Using the listing below, copy exactly the lines from the one containing "Savage x Fenty" to the one containing "Curls of elastic", both lines included, and no others.

* _RECORD EXTRACTS_:
-------

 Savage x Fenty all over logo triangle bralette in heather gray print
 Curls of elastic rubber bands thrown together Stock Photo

-------

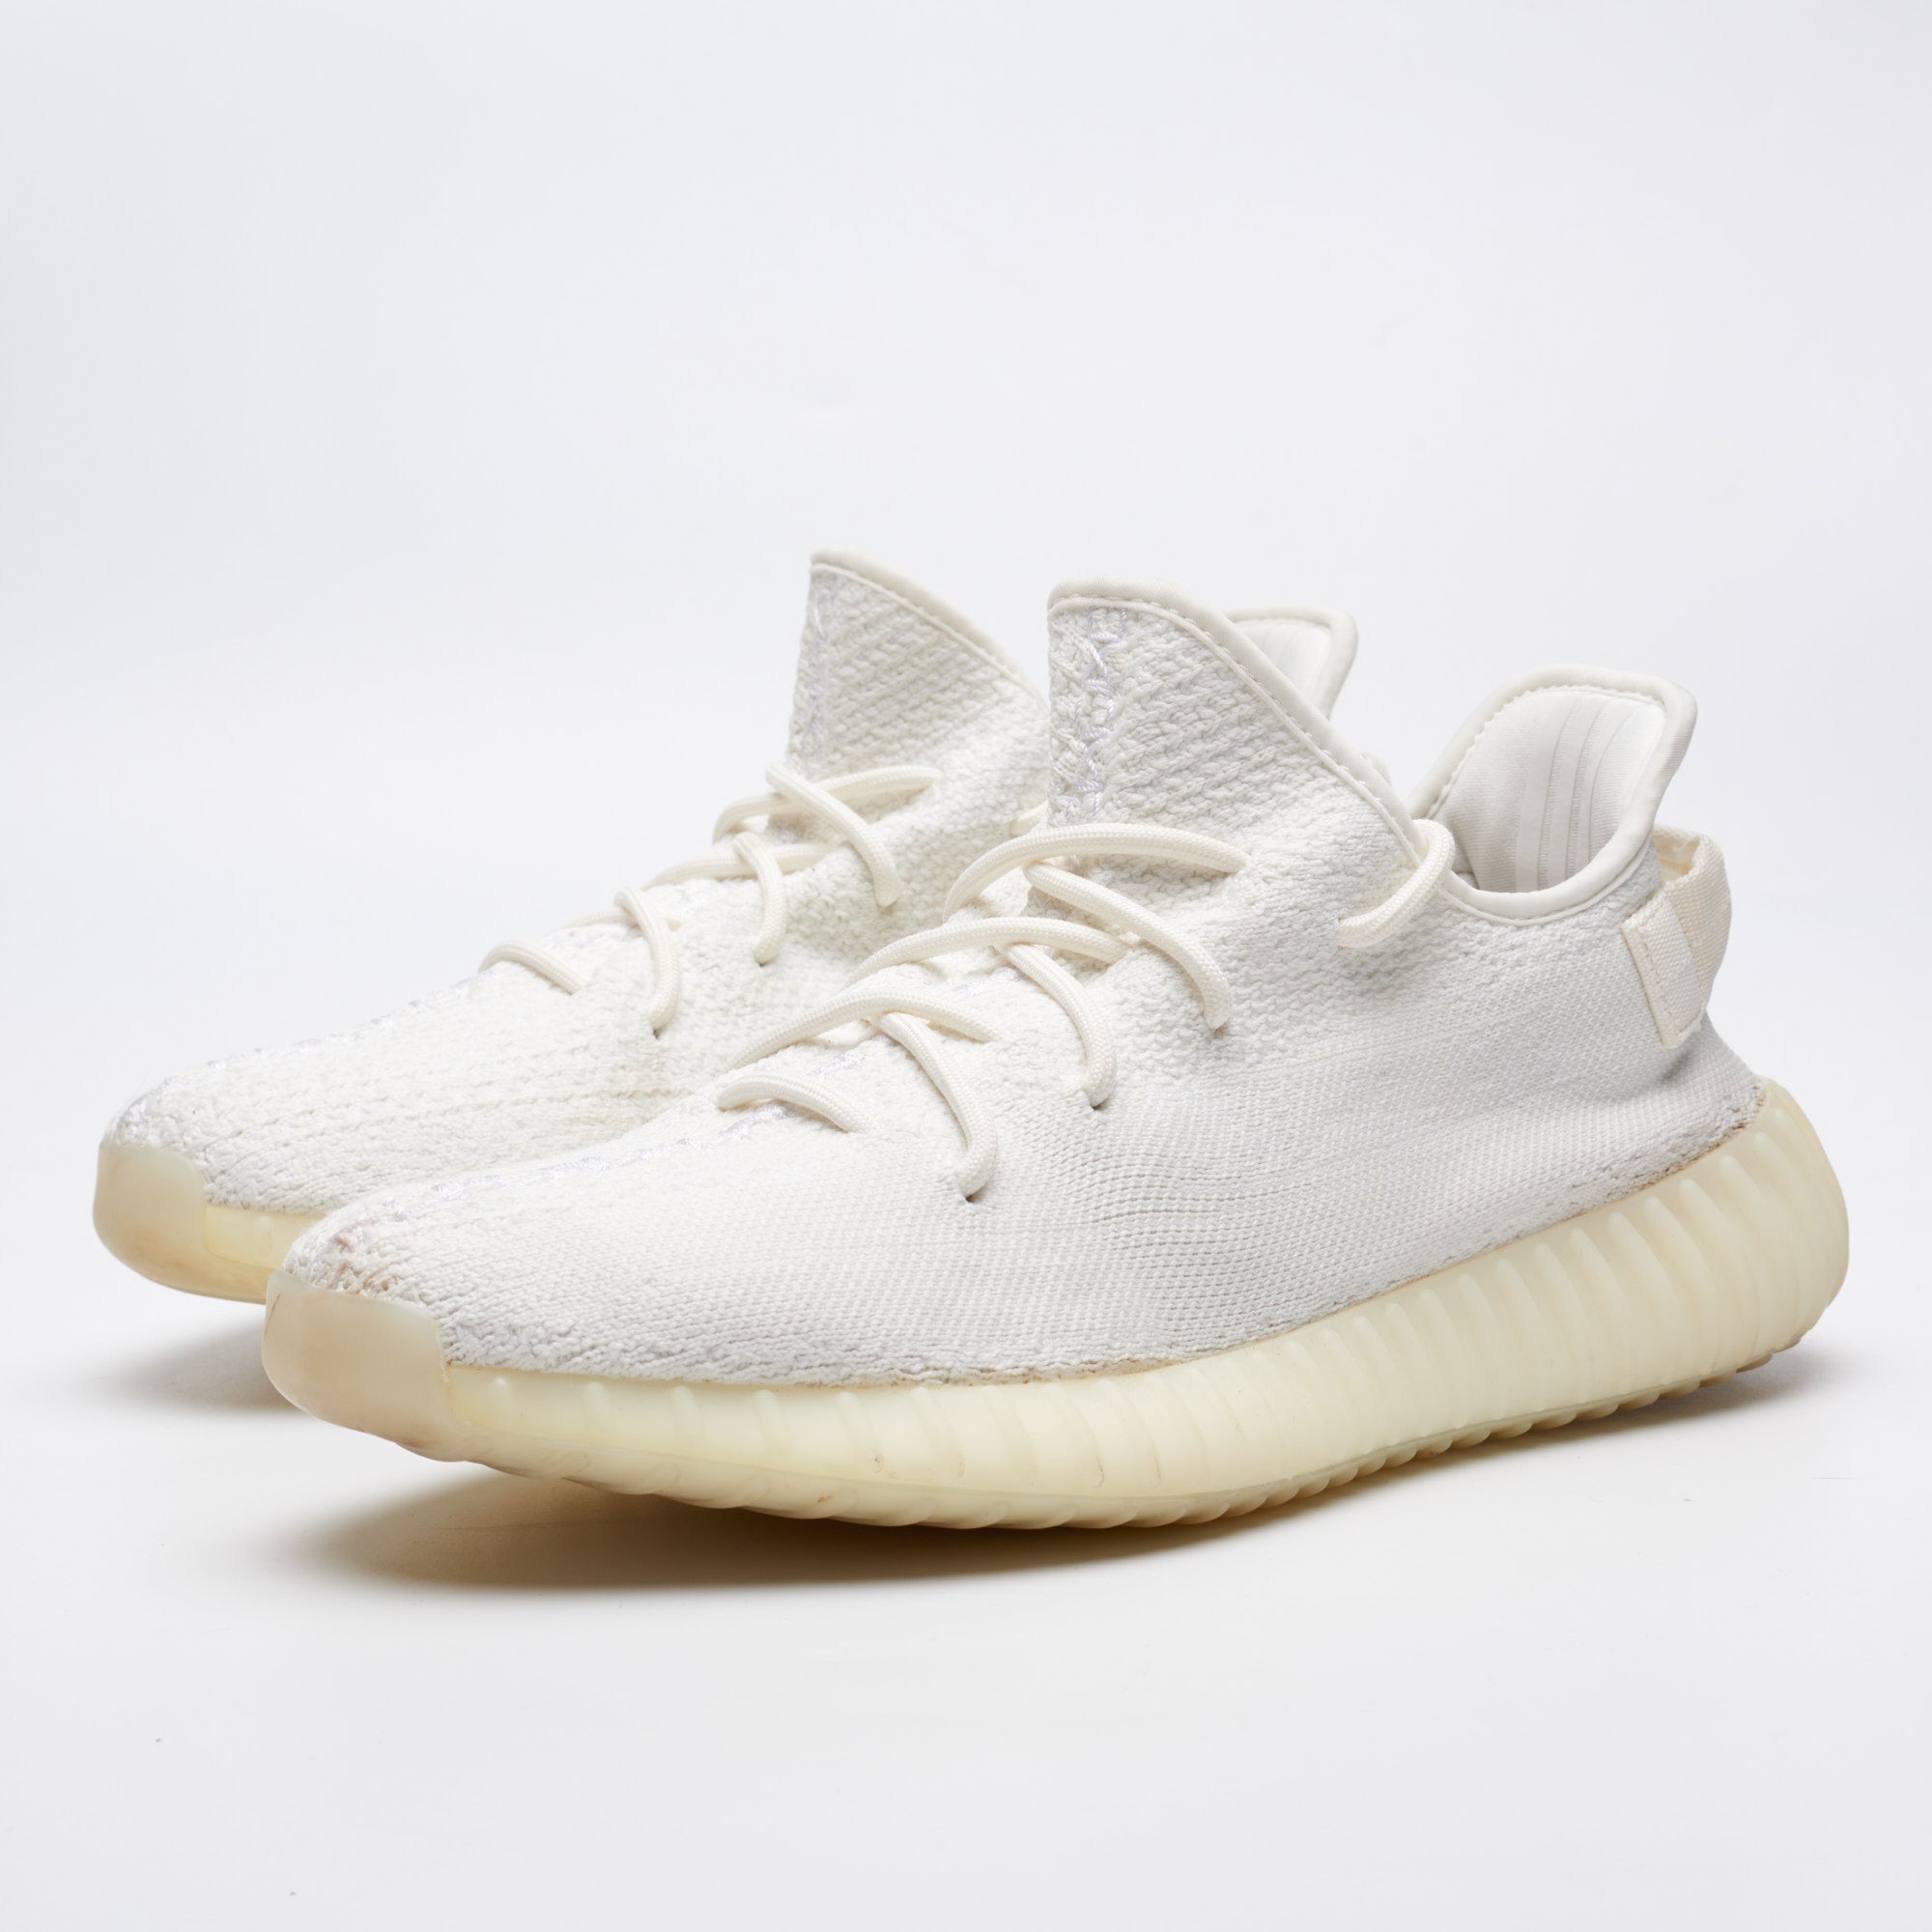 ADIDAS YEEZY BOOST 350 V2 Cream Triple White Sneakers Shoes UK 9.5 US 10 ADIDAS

-------

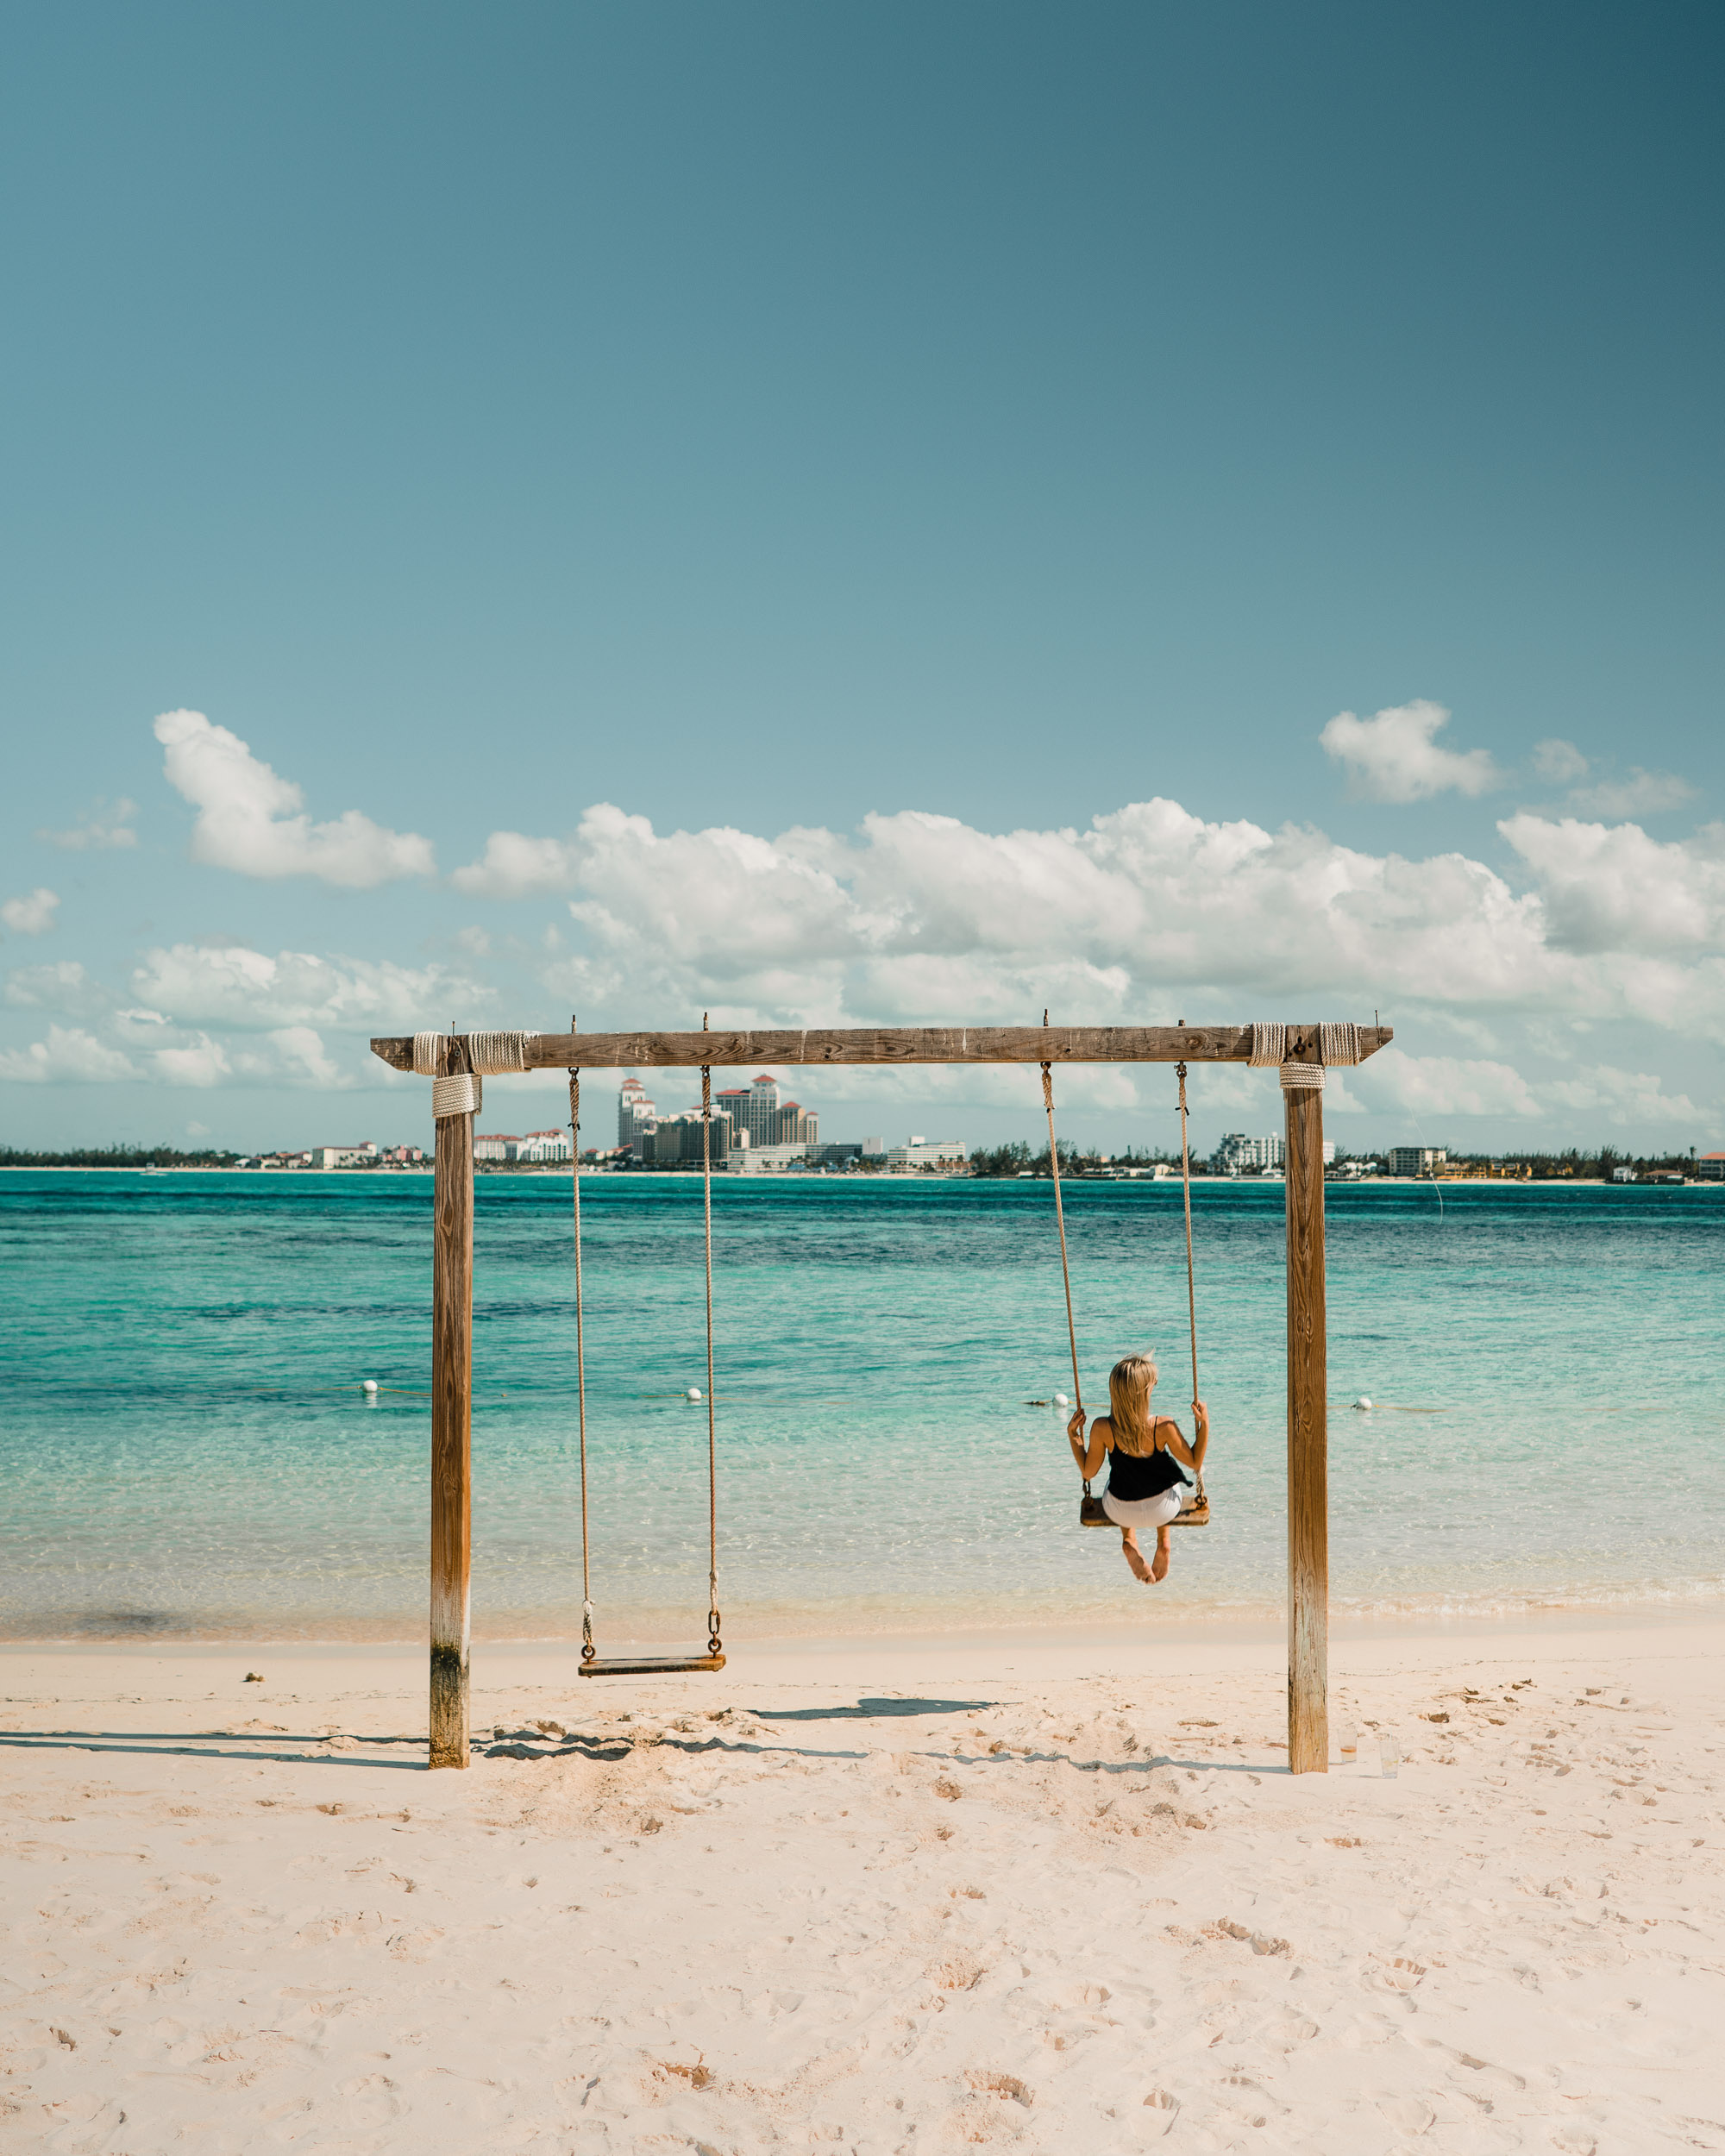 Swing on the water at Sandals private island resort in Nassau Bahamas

-------

* _TASK RESULT_:
 Savage x Fenty all over logo triangle bralette in heather gray print
 Curls of elastic rubber bands thrown together Stock Photo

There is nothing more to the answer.